Une étape importante vers l’apaisement a été franchie dans le conflit foncier opposant les groupements incorporés de Katshiongo et Kasanji. Le ministre provincial de l’Intérieur et Sécurité, Peter Tshisuaka Nkolomonyi, a initié mardi 23 juin 2026 une rencontre de médiation avec les deux chefs coutumiers concernés, dans l’objectif de privilégier le dialogue et préserver la cohésion sociale.

Cette initiative intervient dans un contexte de tensions marquées par des accusations d’occupation de terres. La partie Kamba Katshiongo avait annoncé une marche pacifique prévue ce mercredi 24 juin afin de protester contre ce qu’elle considère comme une occupation de son espace foncier attribuée au groupement voisin de Kasanji.

Reçu par le ministre chargé des Affaires coutumières, Kamba Katshiongo a sollicité une intervention urgente des autorités afin de trouver une solution à ce différend. Il accuse son voisin d’ingérence sur sa portion de terre. De son côté, le chef Kasanji rejette ces accusations et conteste toute occupation illégale des terres concernées.

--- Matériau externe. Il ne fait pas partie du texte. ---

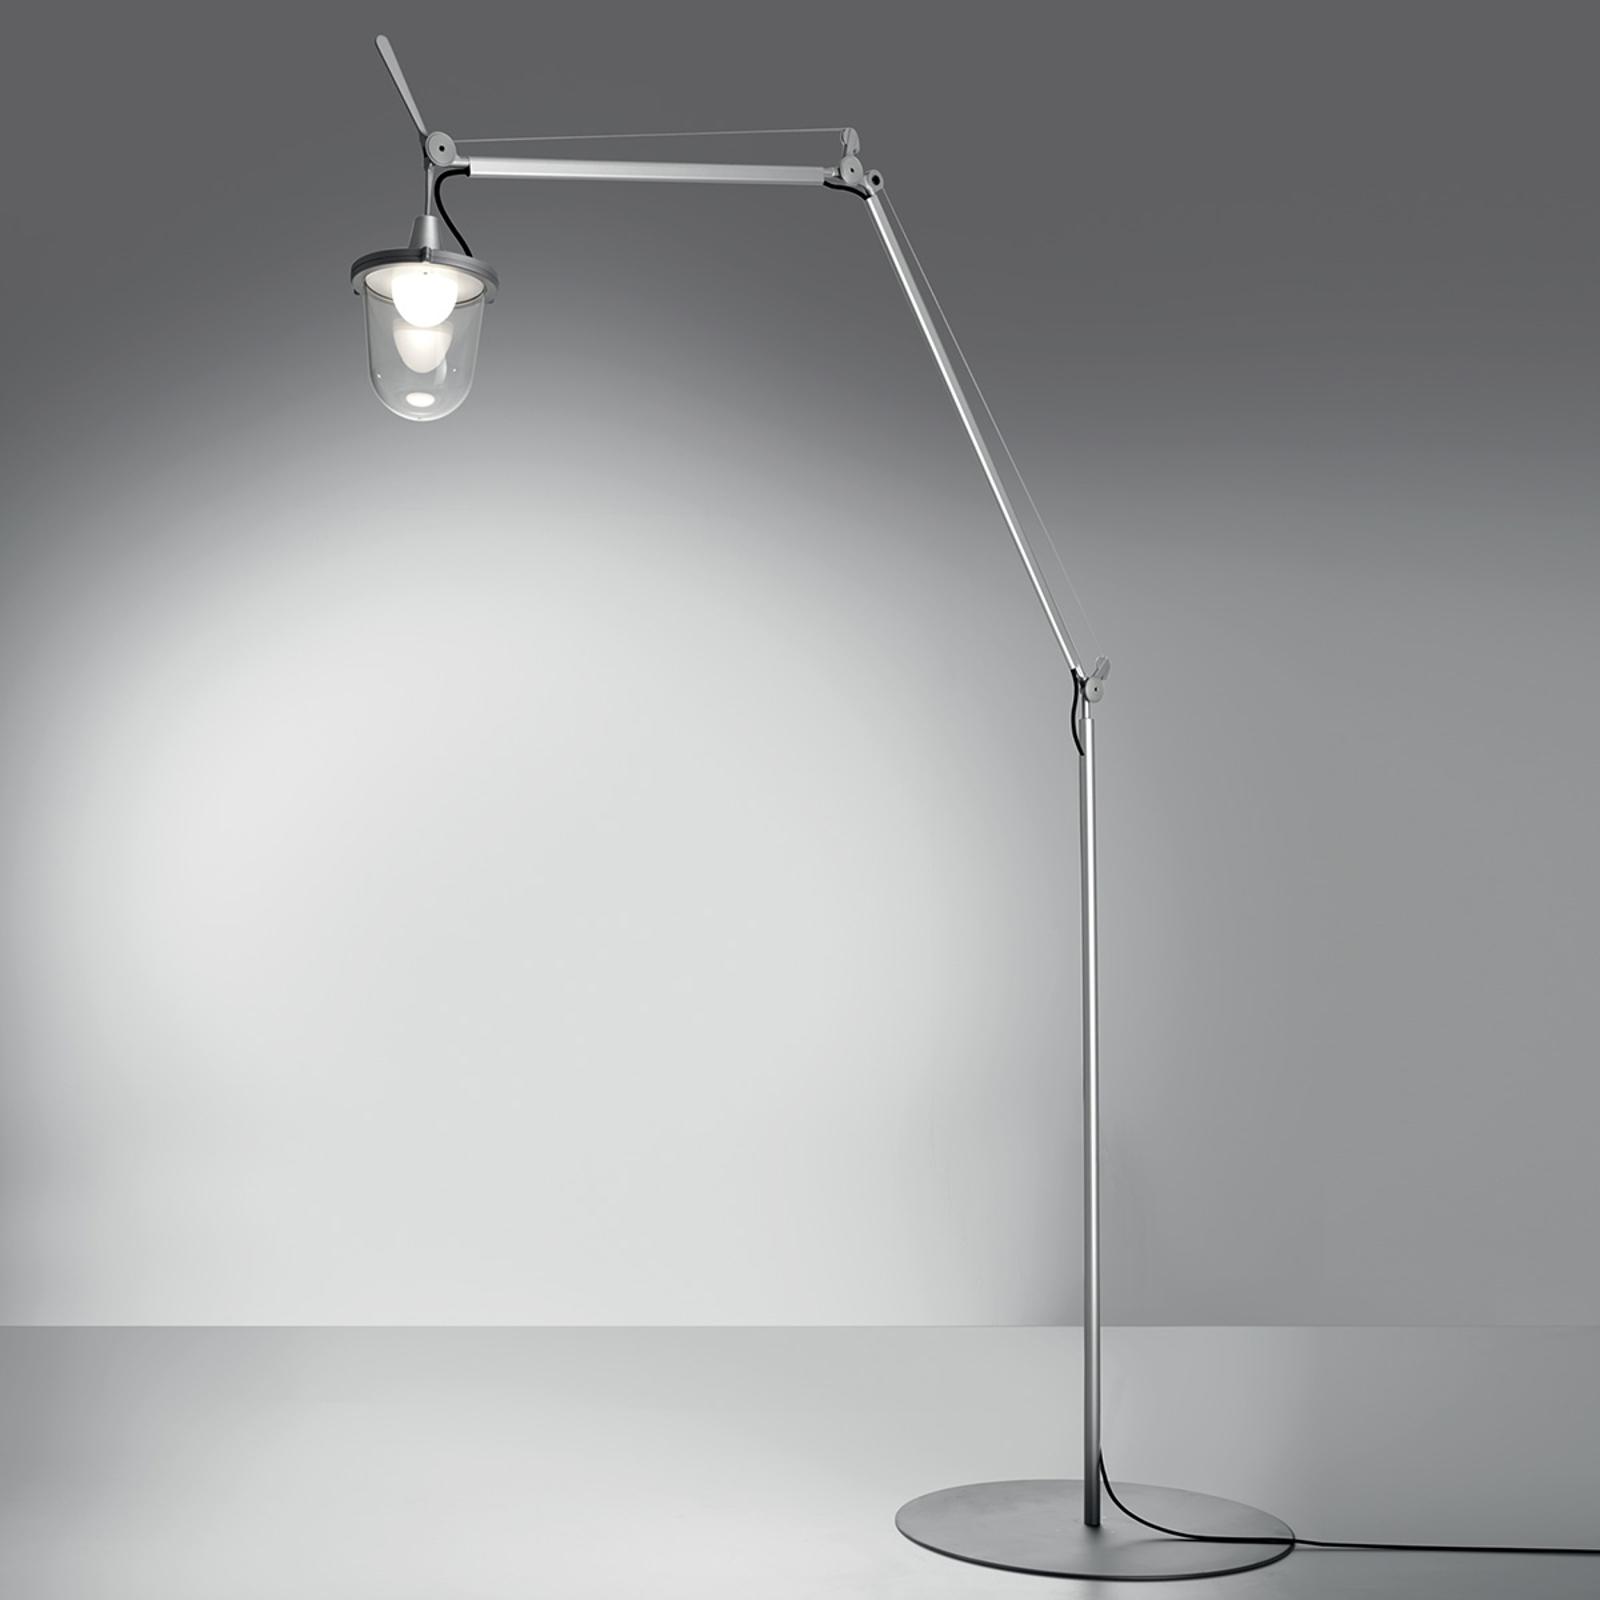 Artemide Tolomeo Lampione Terrassenlampe

Face à cette situation, Peter Tshisuaka Nkolomonyi a appelé les deux parties à privilégier la voie pacifique. Le ministre provincial a rappelé que les conflits fonciers constituent un frein au développement des entités locales et a insisté sur la nécessité d’un climat de paix pour accompagner la vision de développement portée par le gouverneur du Kasaï, Crispin Mukendi.

Dans sa démarche de médiation, le ministre a également annoncé son engagement à effectuer une descente sur terrain afin de mieux comprendre les origines du litige, examiner les différents points de vue et contribuer à la levée des incompréhensions entre les deux communautés.

À l’issue de la rencontre, les chefs Katshiongo et Kasanji ont salué l’approche basée sur le dialogue initiée par l’autorité provinciale. Les deux parties ont accepté d’enterrer la hache de guerre et se sont engagées à préserver la paix en attendant l’aboutissement du processus de résolution du différend.

Ils ont également appelé leurs communautés respectives à privilégier la cohésion, la tolérance et la coexistence pacifique, afin de permettre aux entités concernées de se concentrer sur les priorités liées au développement.